Data shown:
|---|

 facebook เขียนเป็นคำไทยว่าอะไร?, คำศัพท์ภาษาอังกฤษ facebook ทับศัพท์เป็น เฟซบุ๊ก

|---|

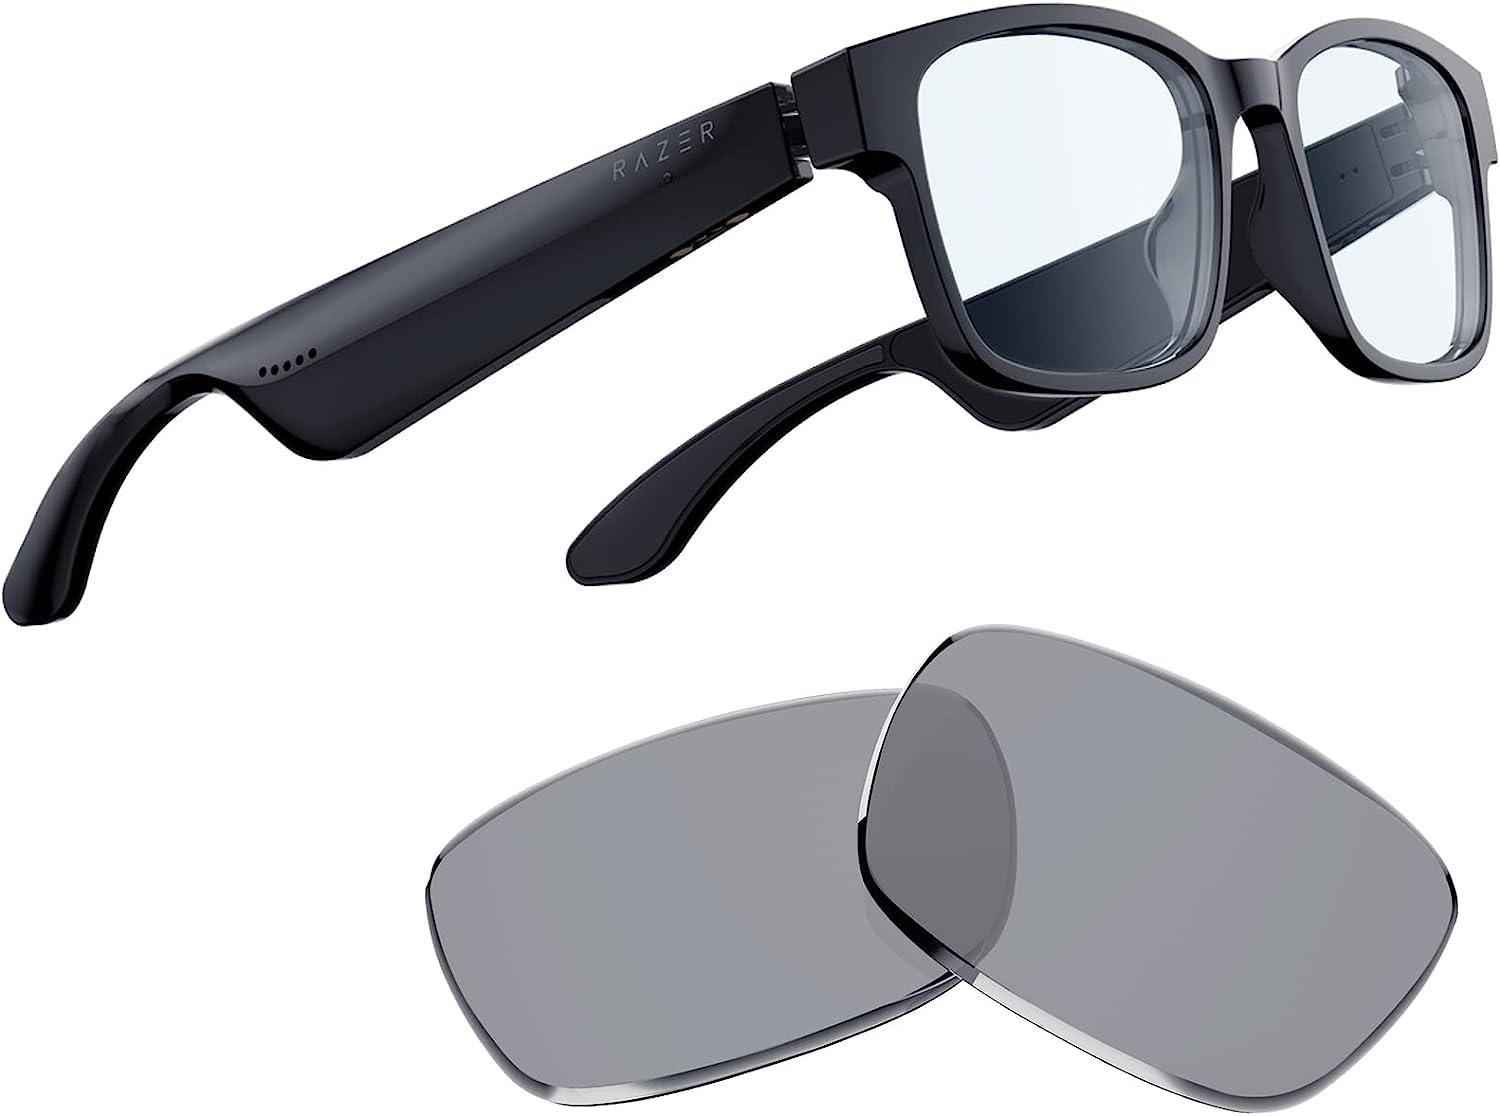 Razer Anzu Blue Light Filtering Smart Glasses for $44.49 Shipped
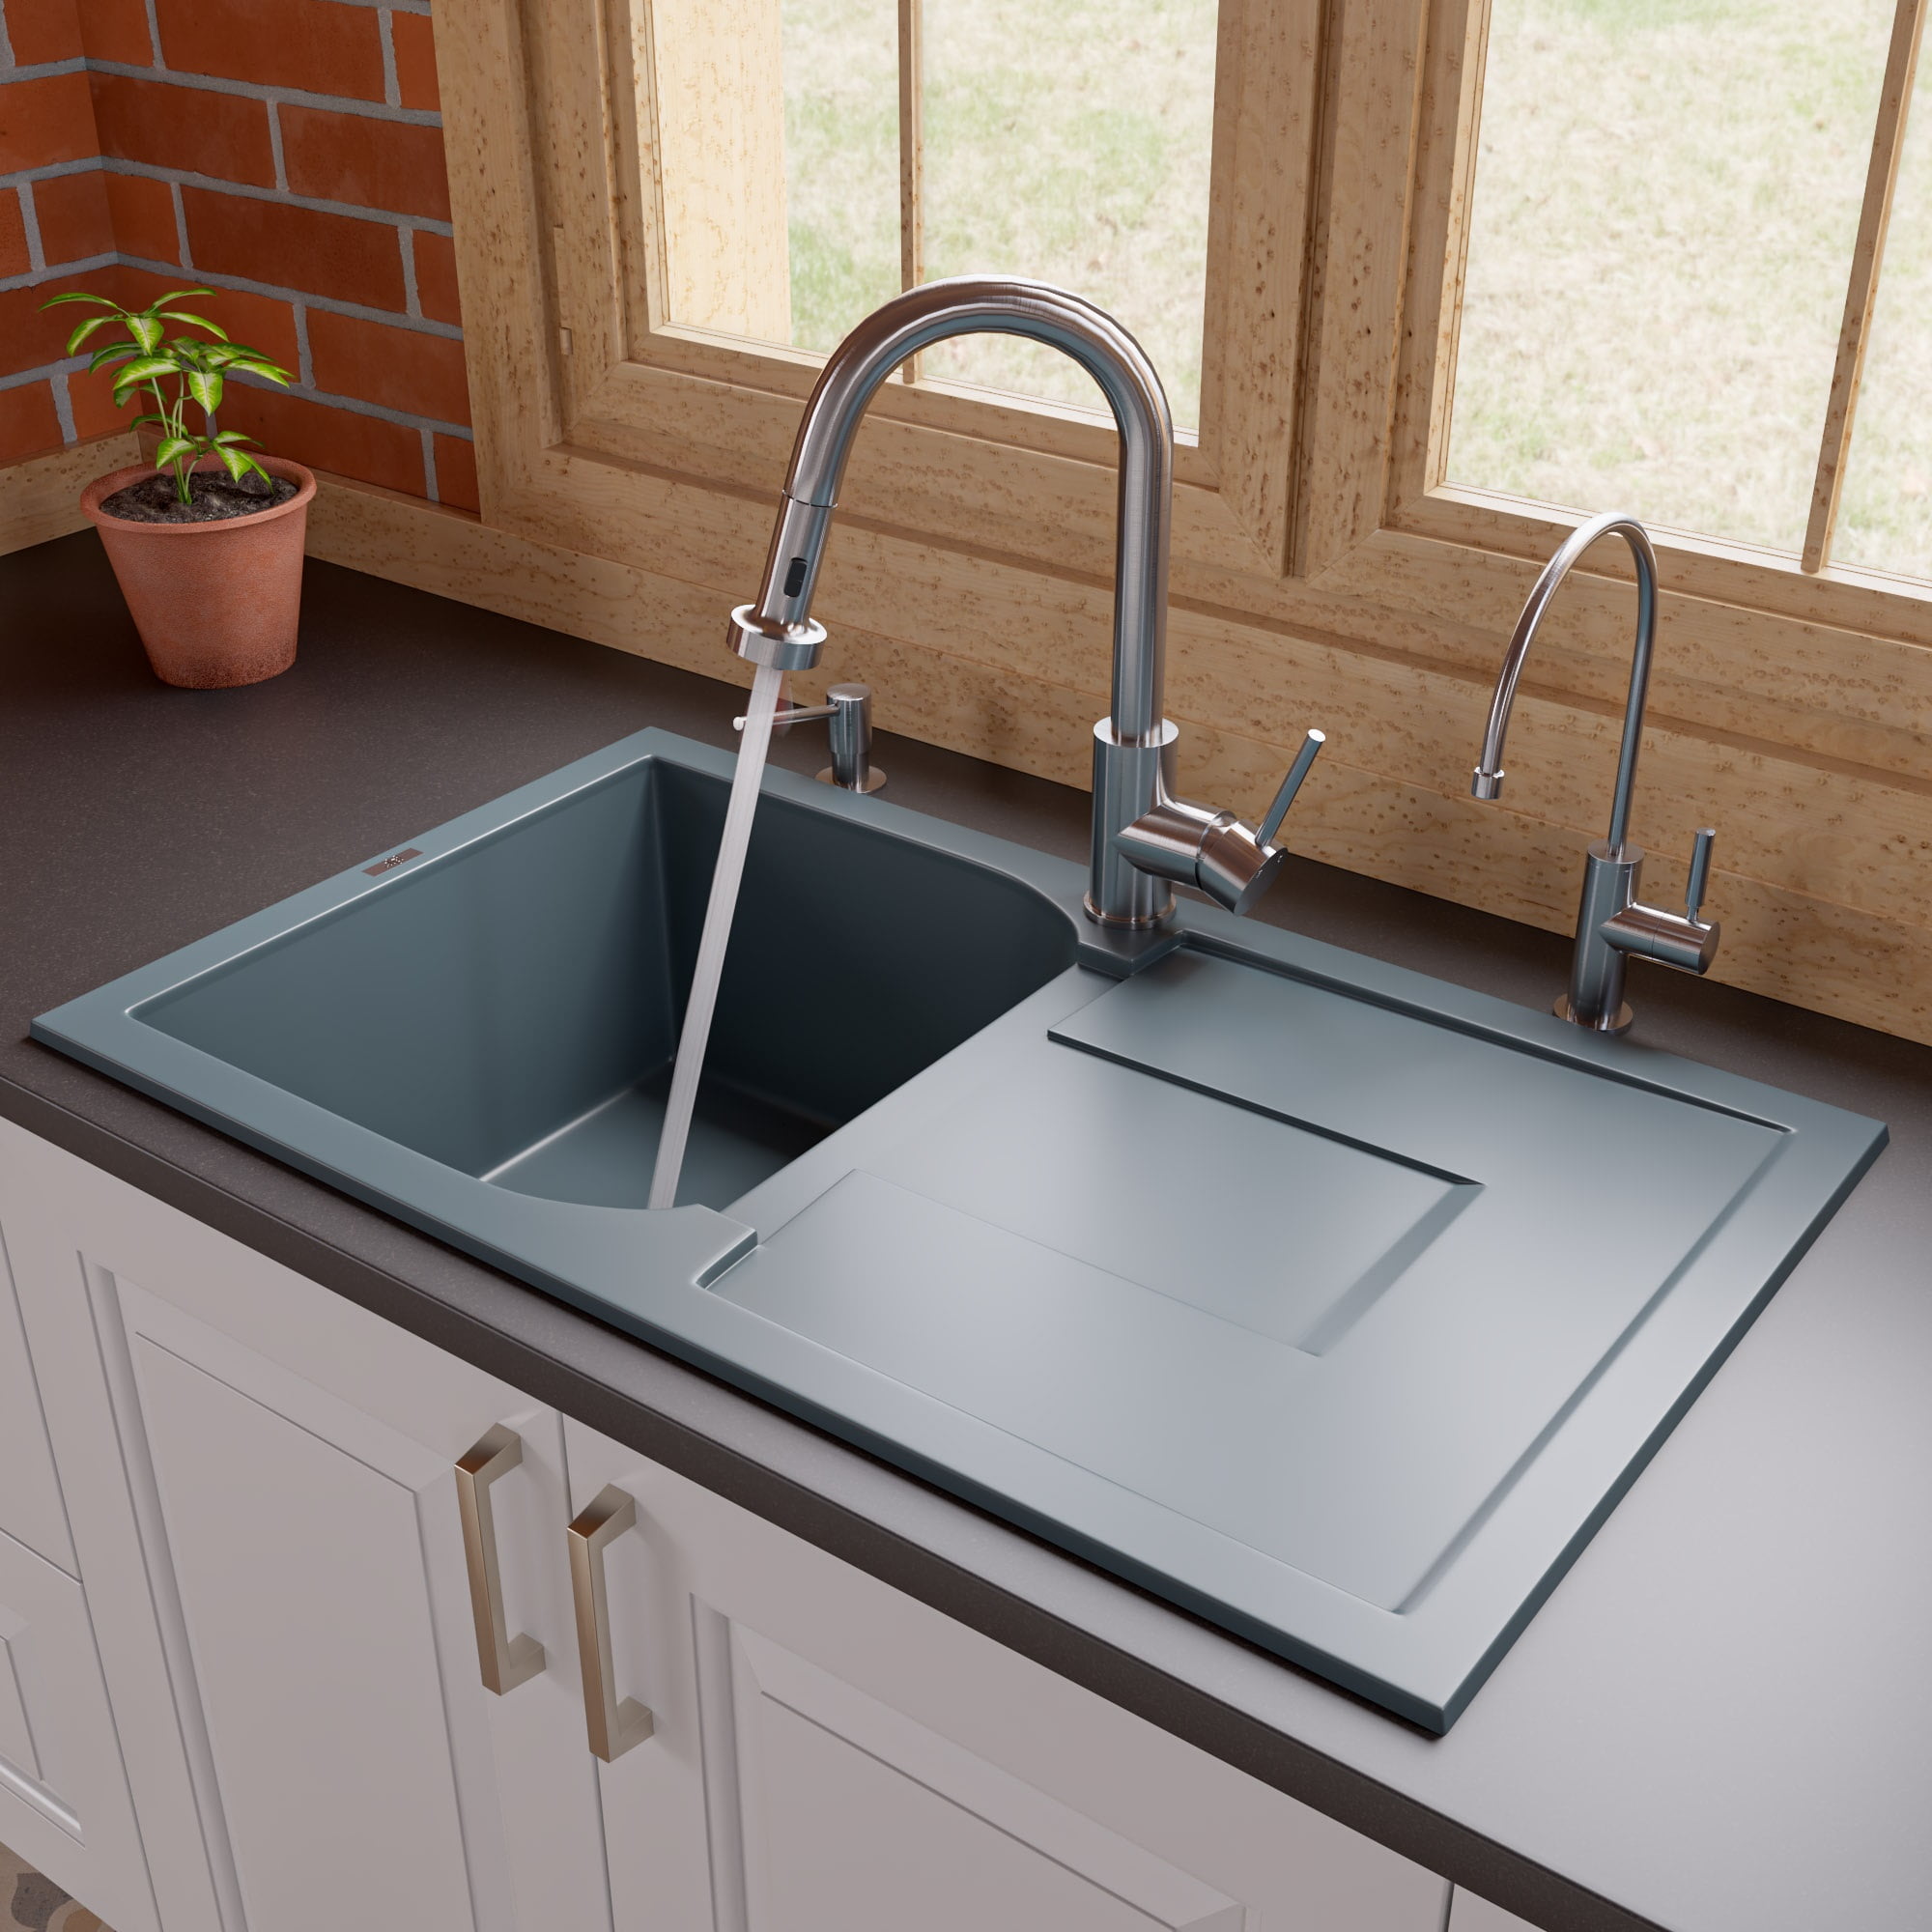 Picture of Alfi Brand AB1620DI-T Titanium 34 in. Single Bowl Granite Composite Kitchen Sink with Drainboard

|---|

What this task involves: Set down exactly the lines above, from the line containing "Razer Anzu Blue" through the line containing "Picture of Alfi". Skip the pictures.

Your response:
 Razer Anzu Blue Light Filtering Smart Glasses for $44.49 Shipped
 Picture of Alfi Brand AB1620DI-T Titanium 34 in. Single Bowl Granite Composite Kitchen Sink with Drainboard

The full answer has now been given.